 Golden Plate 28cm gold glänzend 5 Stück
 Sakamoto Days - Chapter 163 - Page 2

□ □ □ □ □

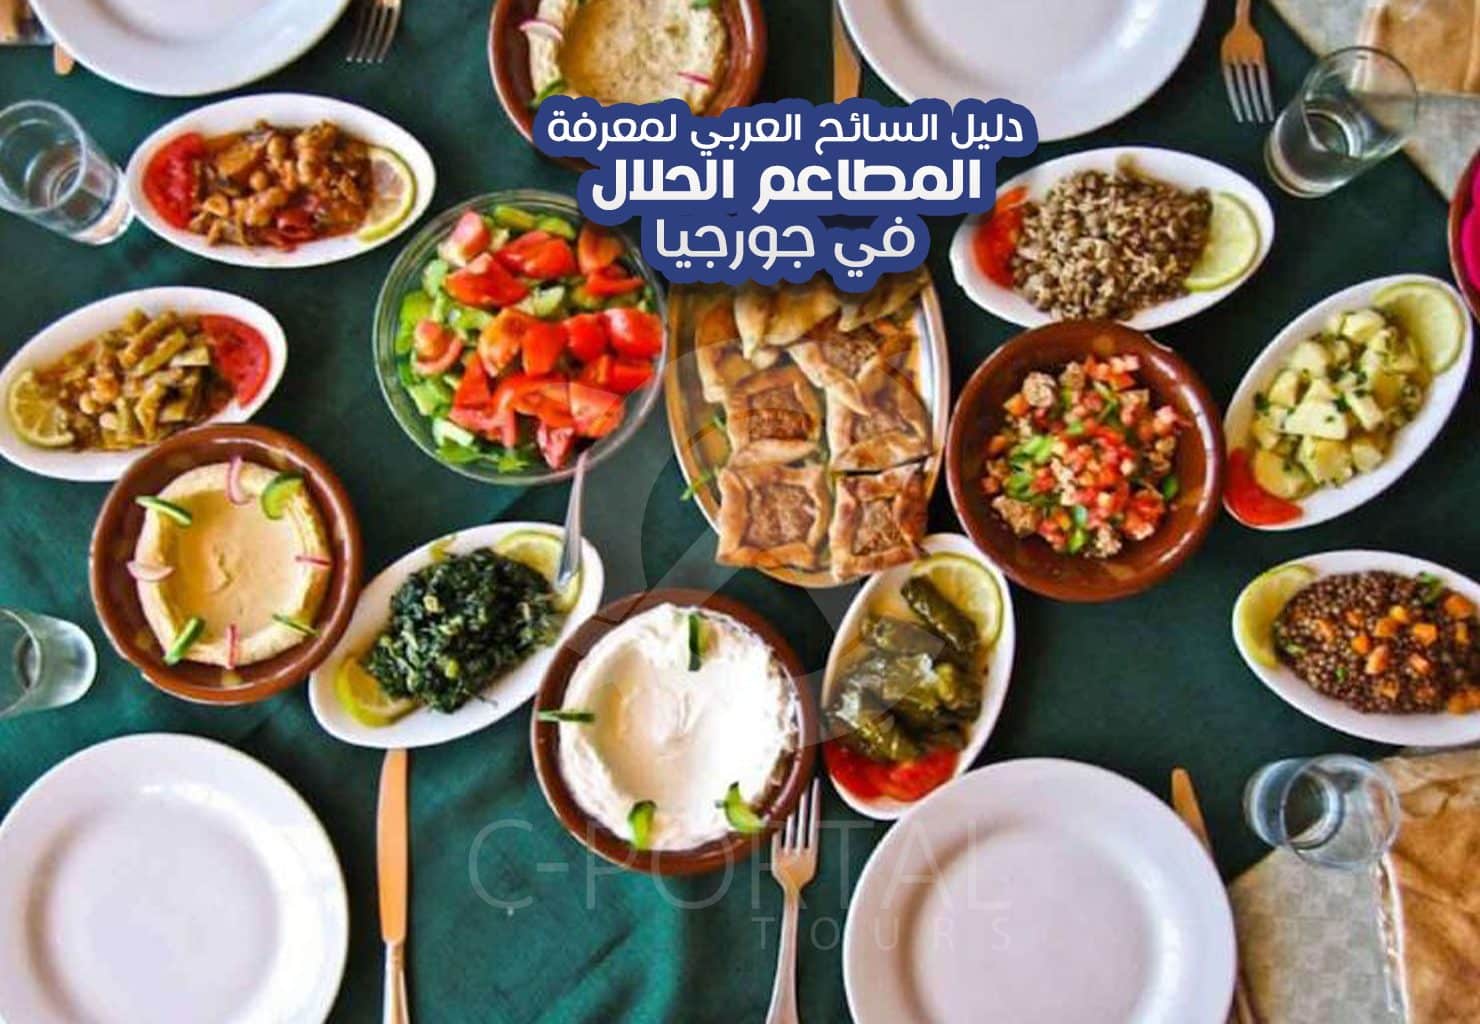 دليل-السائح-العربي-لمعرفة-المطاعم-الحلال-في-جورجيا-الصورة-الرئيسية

□ □ □ □ □

Could you retype exactly the lines above, starting at the line that contains "Golden Plate 28cm gold glänzend 5 Stück" and ending at the line that contains "Sakamoto Days - Chapter 163 - Page 2", and nothing more?

 Golden Plate 28cm gold glänzend 5 Stück
 Sakamoto Days - Chapter 163 - Page 2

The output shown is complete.